§ **INPUT RECORDS**:
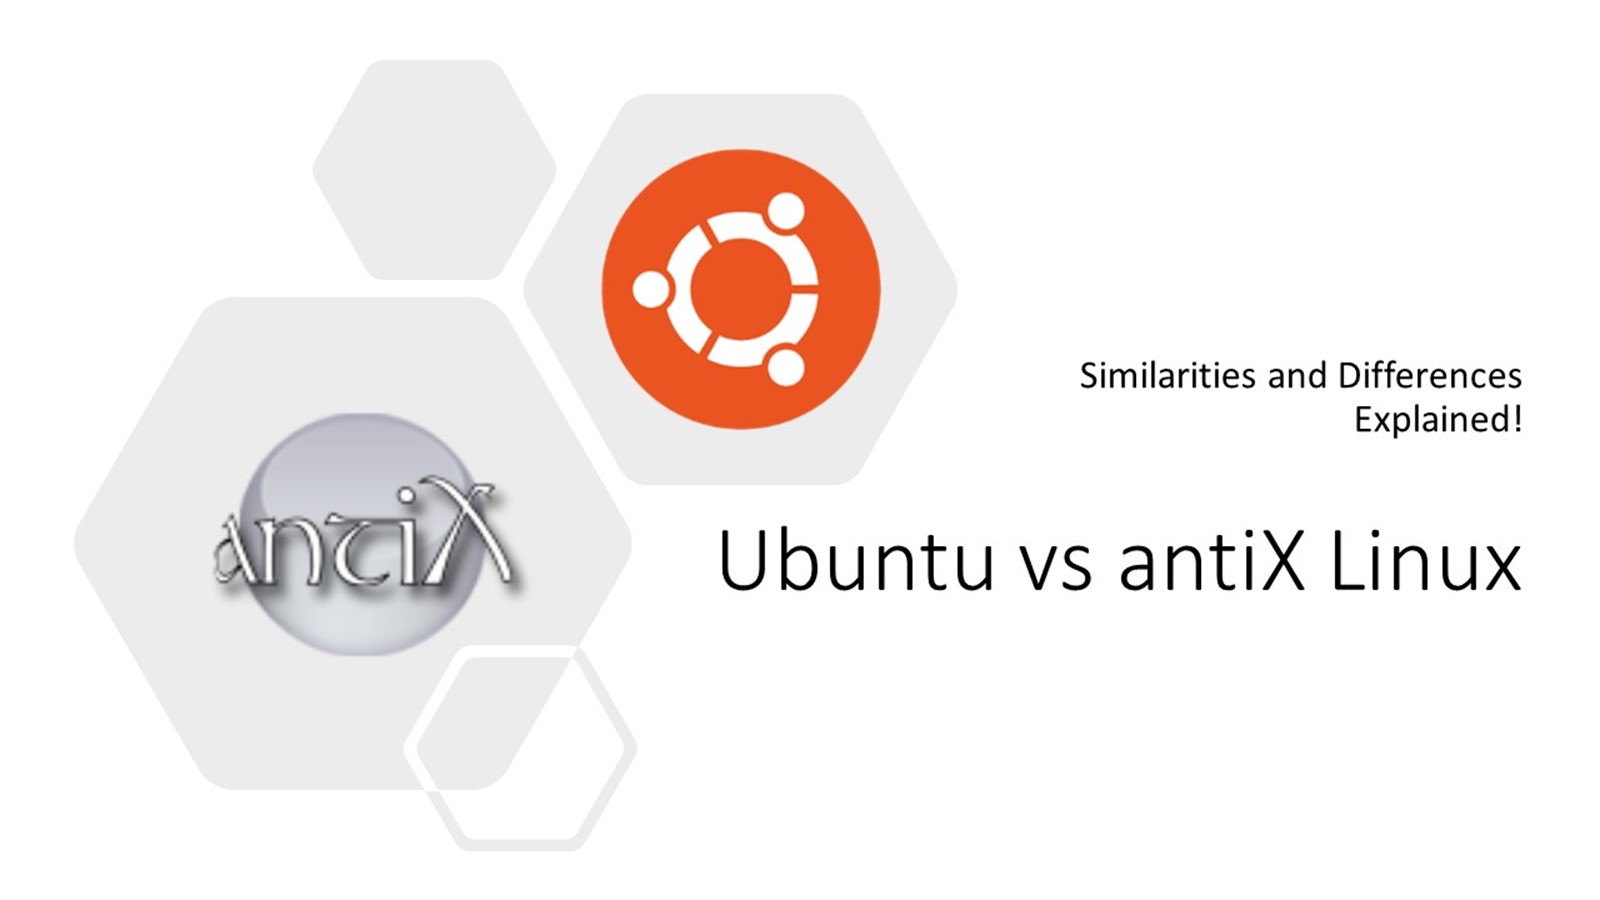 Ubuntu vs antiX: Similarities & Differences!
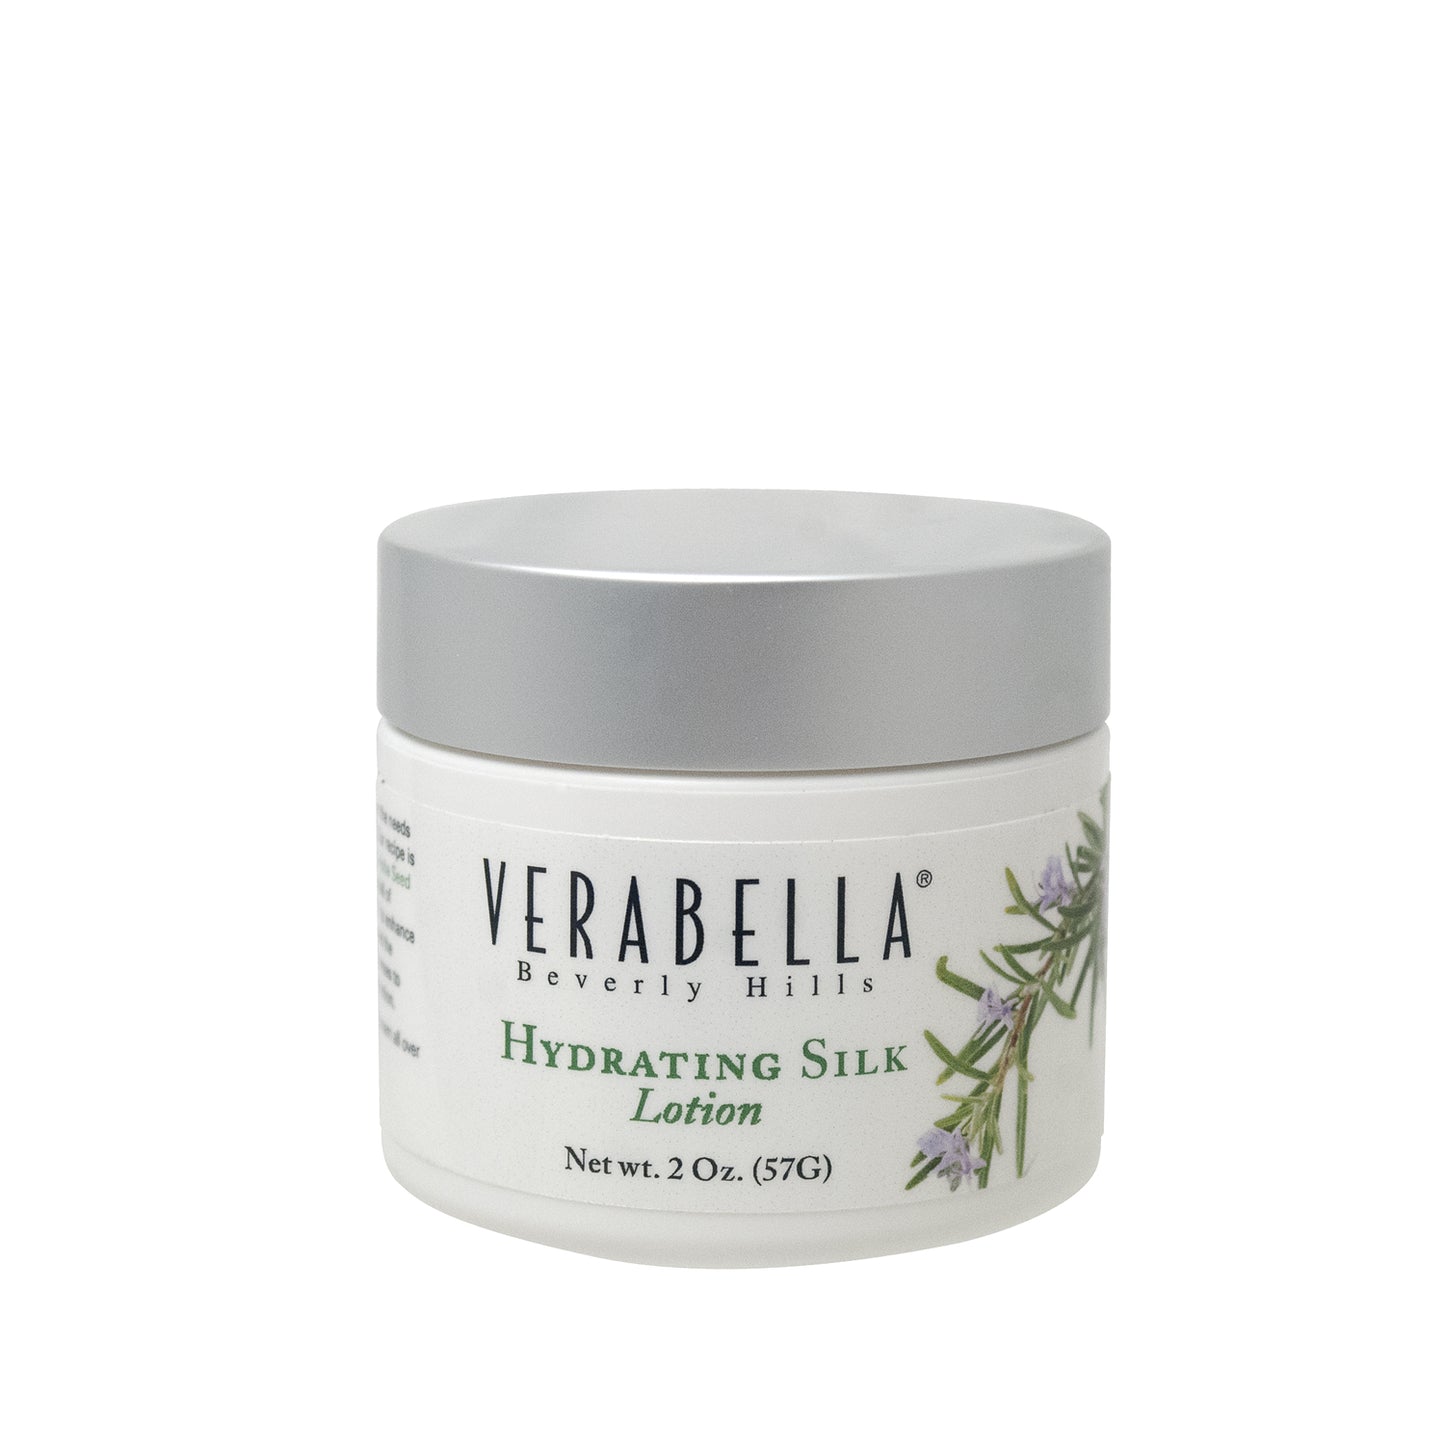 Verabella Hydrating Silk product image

...

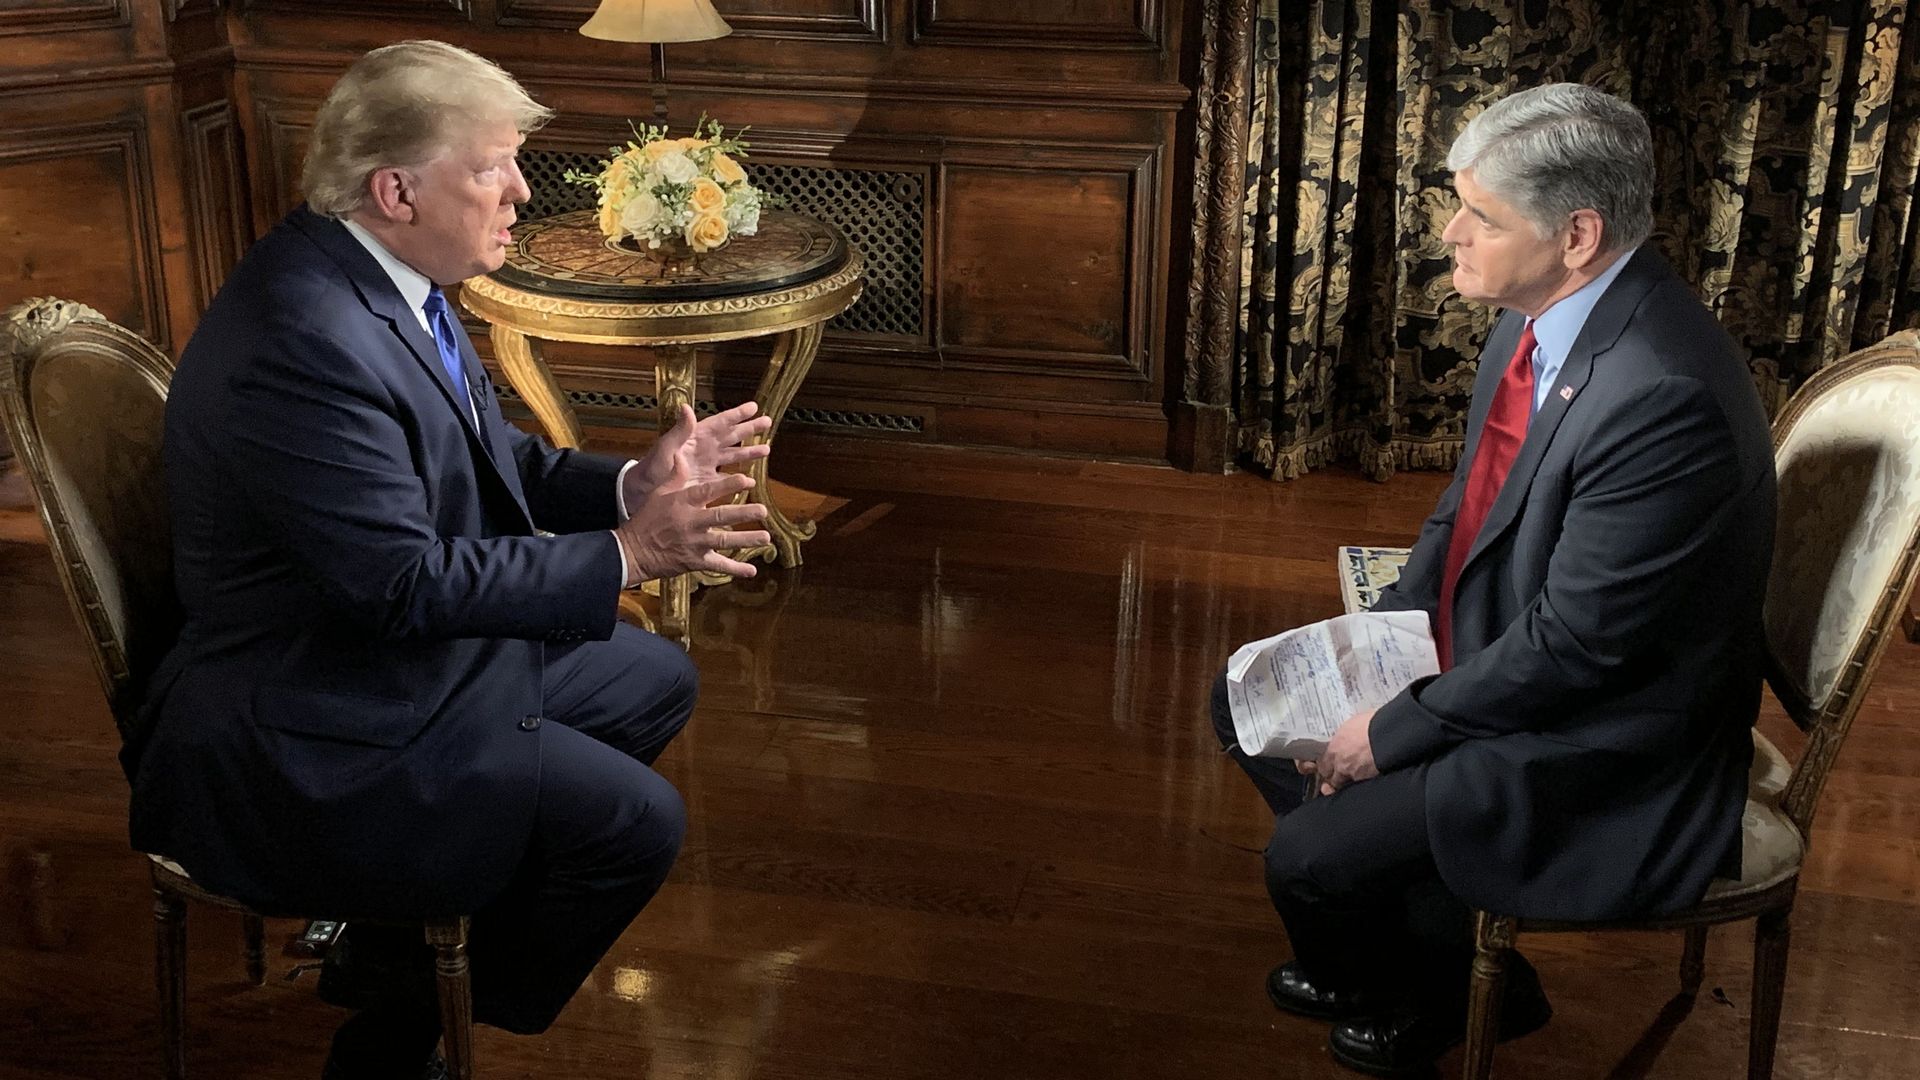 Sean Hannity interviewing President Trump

---

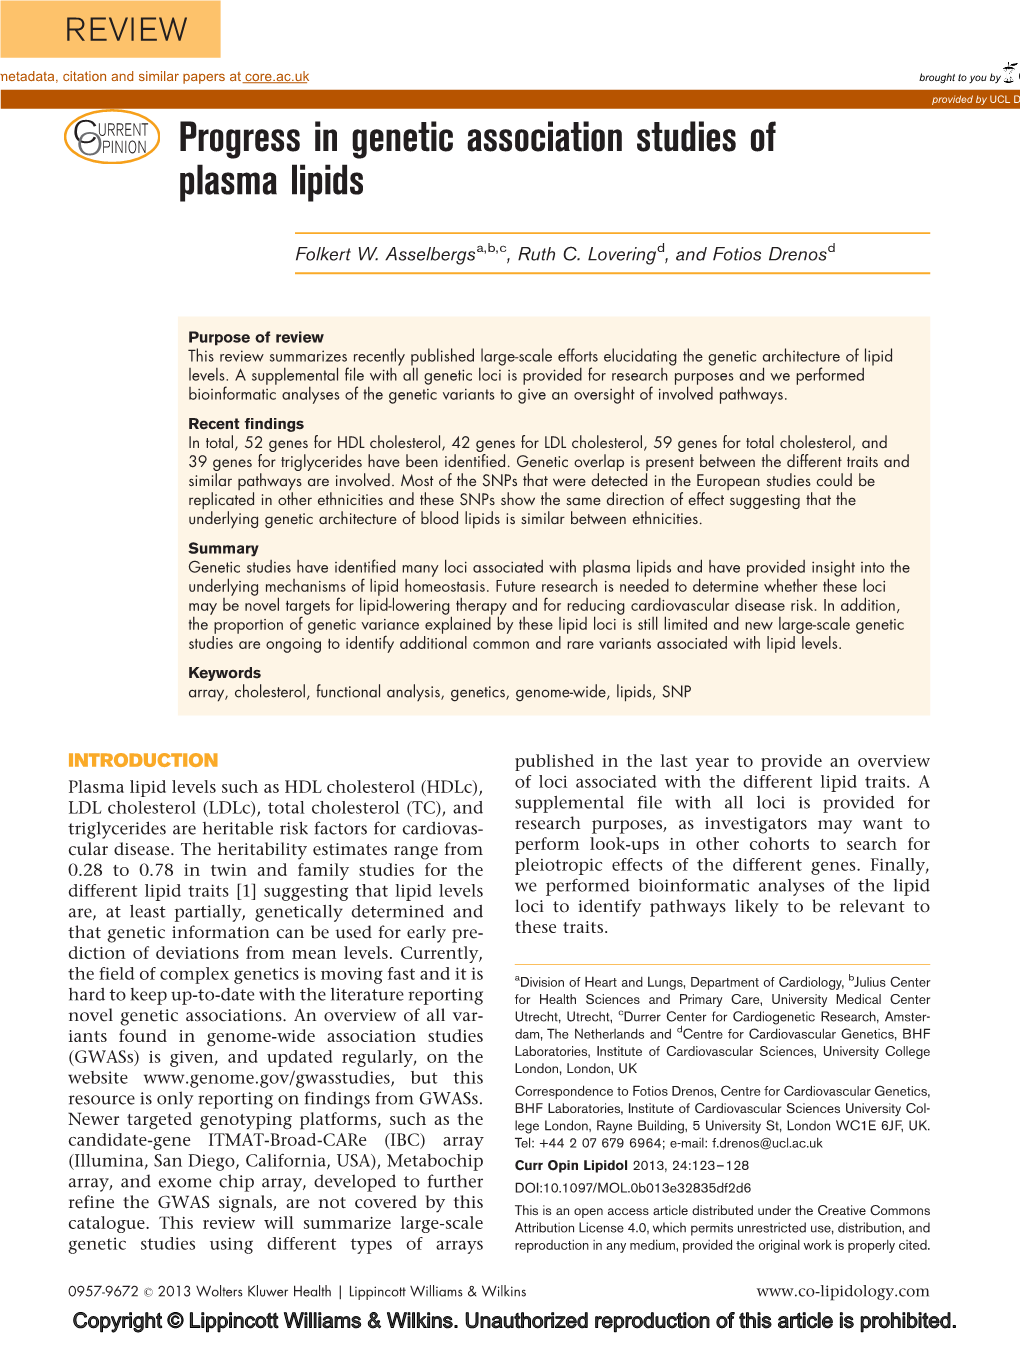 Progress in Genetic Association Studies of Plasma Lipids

§ **WHAT THE TASK ASKS**: Everything from the line with "Ubuntu vs antiX: Similarities & Differences!" through the line with "Verabella Hydrating Silk product image" in the material above should be transcribed exactly, except the pictures.

§ **ANSWER TO THIS TASK**:
 Ubuntu vs antiX: Similarities & Differences!
 Verabella Hydrating Silk product image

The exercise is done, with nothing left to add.